BRIEF:
The material below has pictures in it. Set down only the lines from the line containing "20 самых знаменитых" through the line containing "Colorful Flower Pots", word for word, and leave the pictures behind.

DATA FOR THIS TASK:
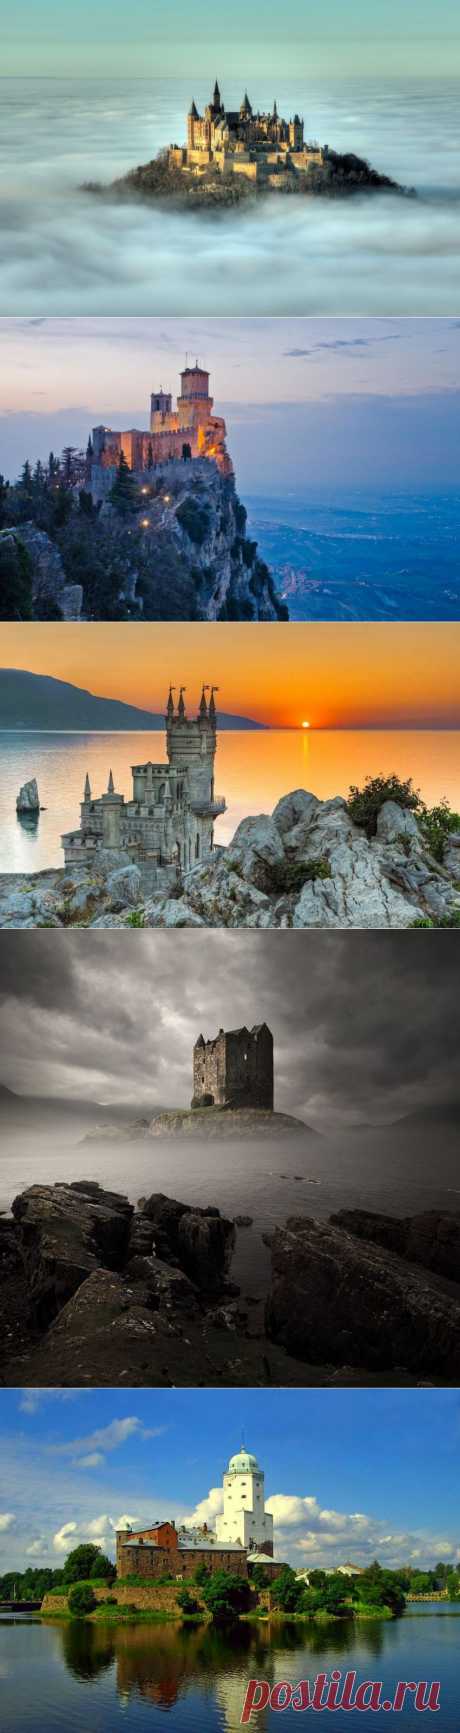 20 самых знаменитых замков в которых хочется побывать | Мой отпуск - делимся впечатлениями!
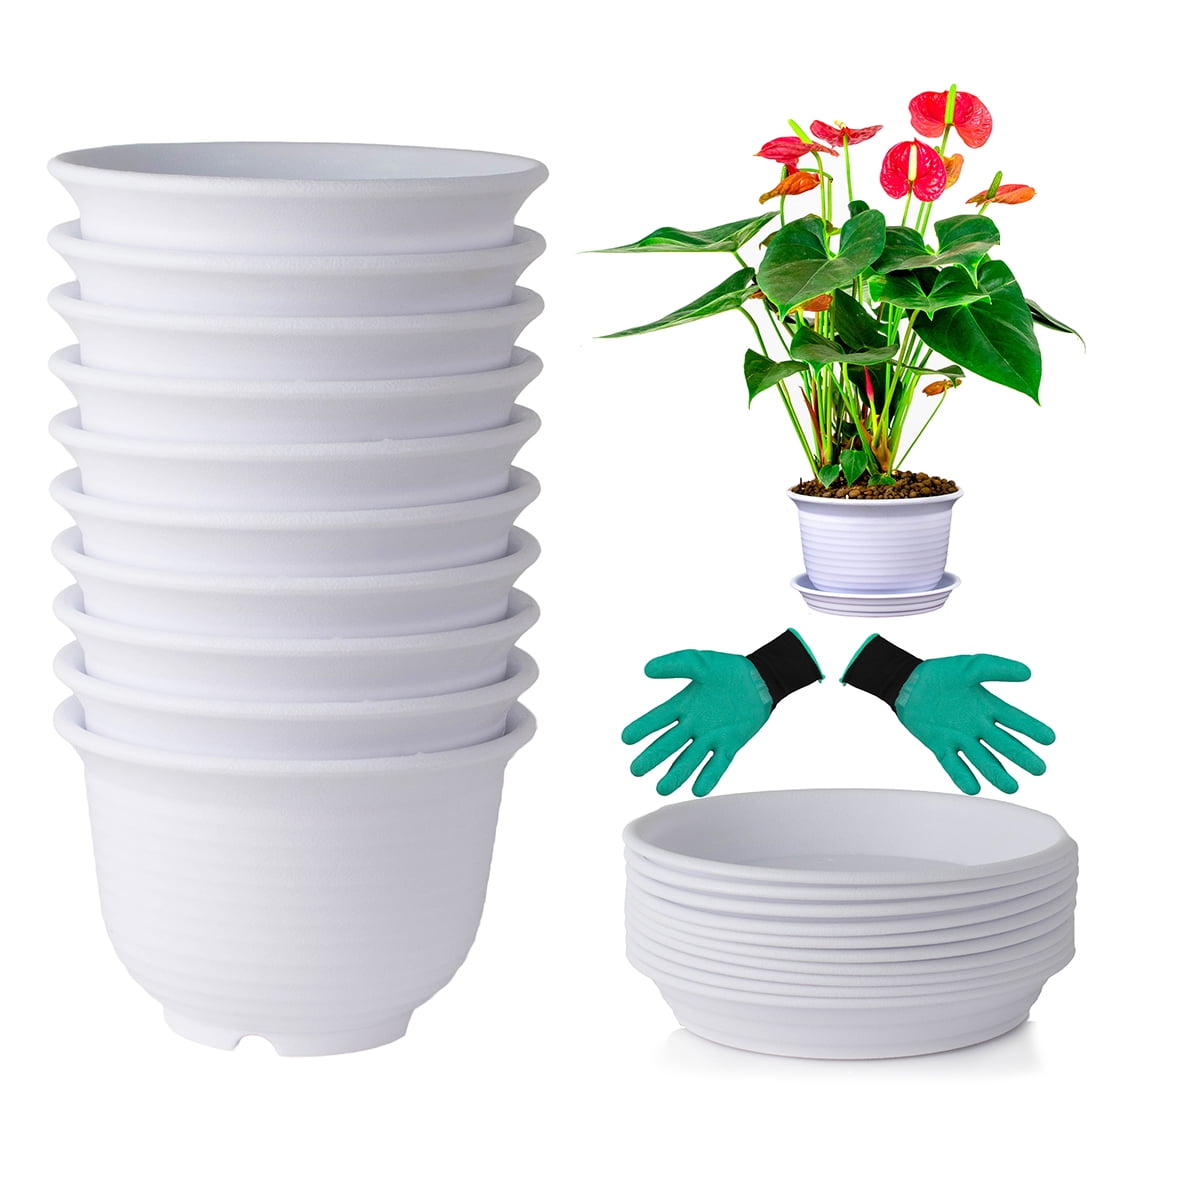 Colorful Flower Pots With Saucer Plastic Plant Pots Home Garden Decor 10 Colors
--
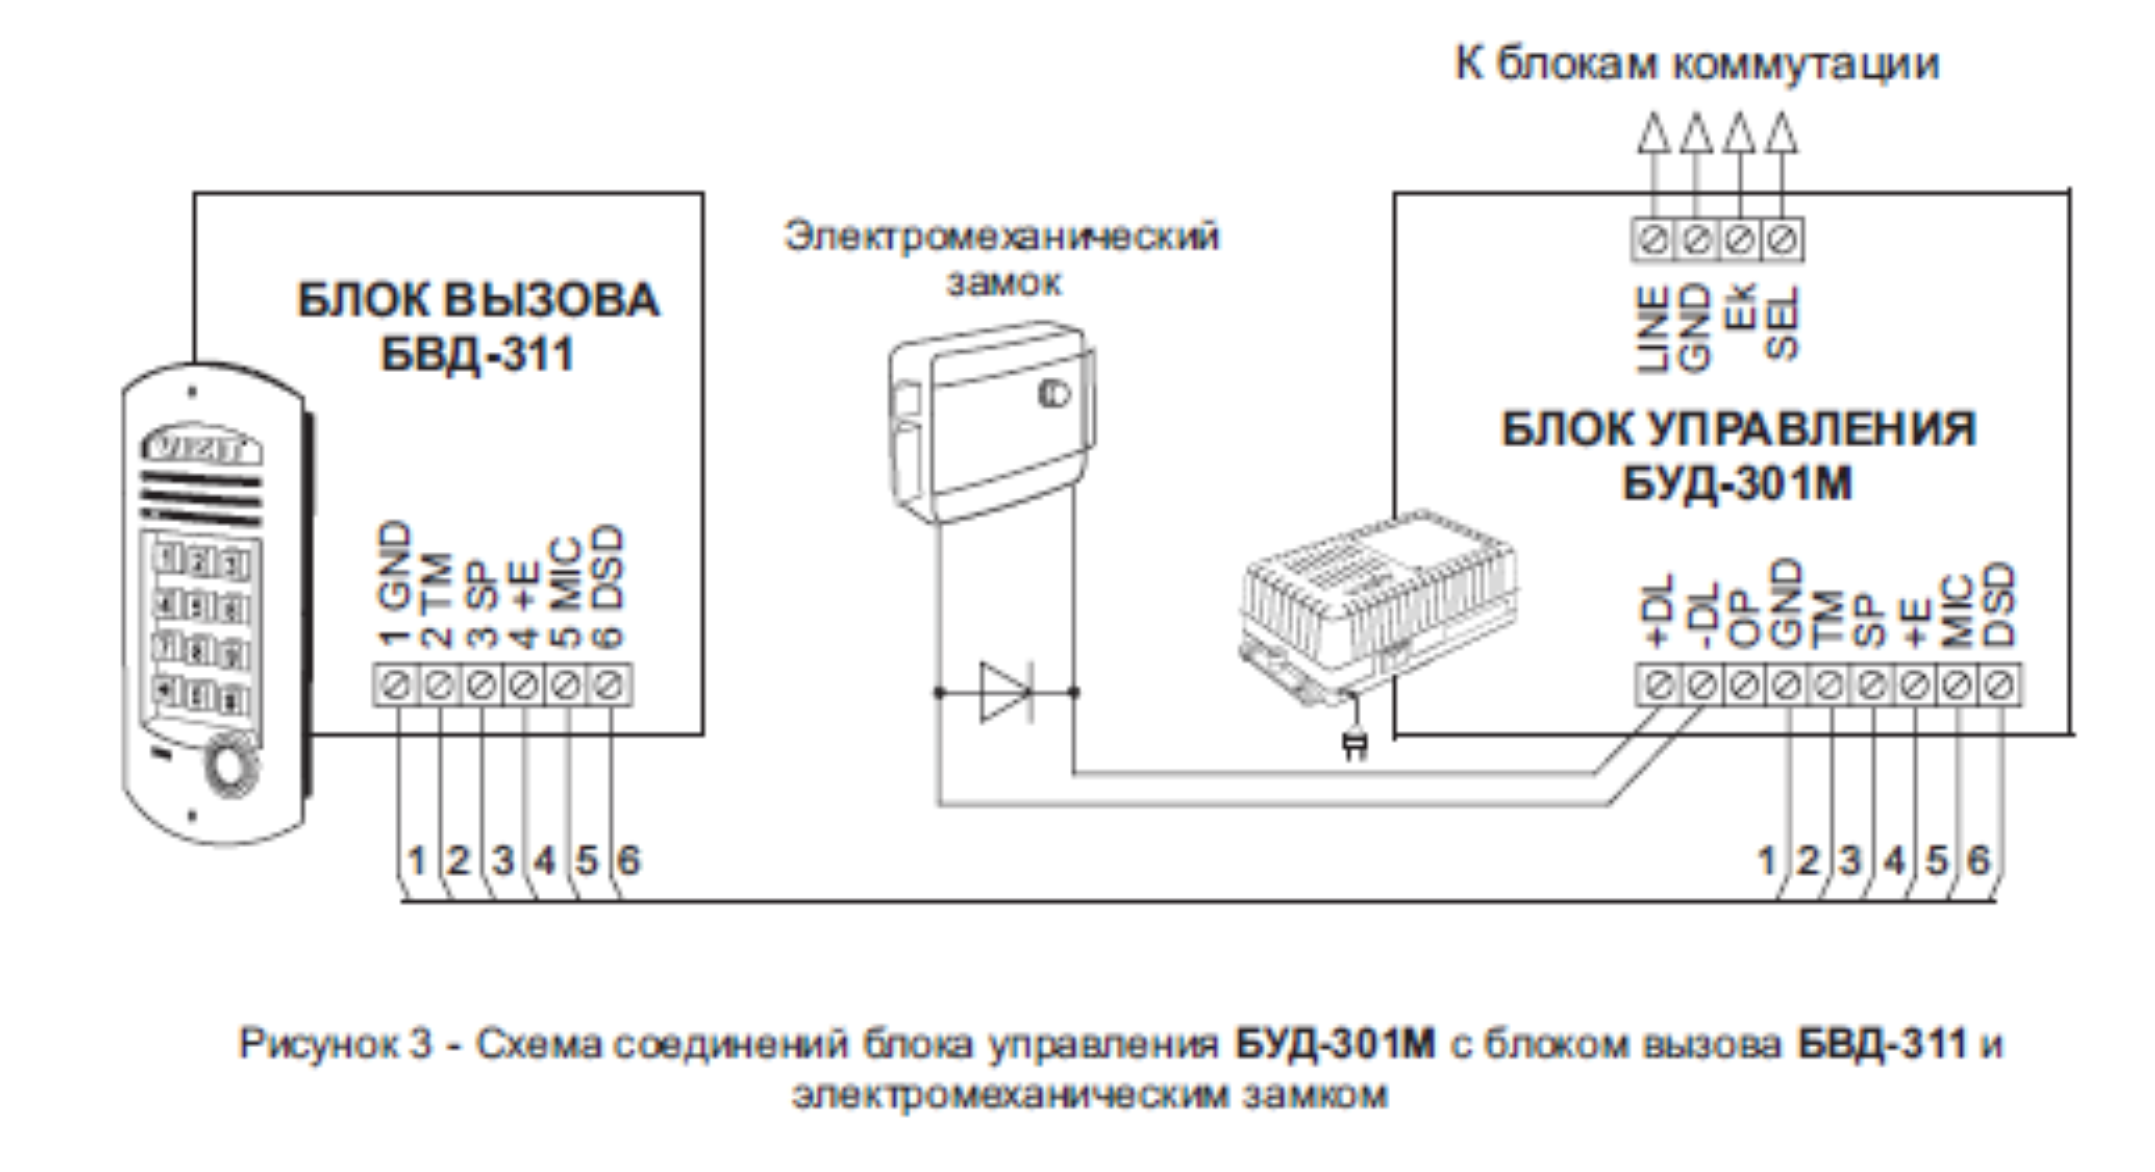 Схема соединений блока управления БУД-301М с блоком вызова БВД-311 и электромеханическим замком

OUTPUT OF THE TASK:
 20 самых знаменитых замков в которых хочется побывать | Мой отпуск - делимся впечатлениями!
 Colorful Flower Pots With Saucer Plastic Plant Pots Home Garden Decor 10 Colors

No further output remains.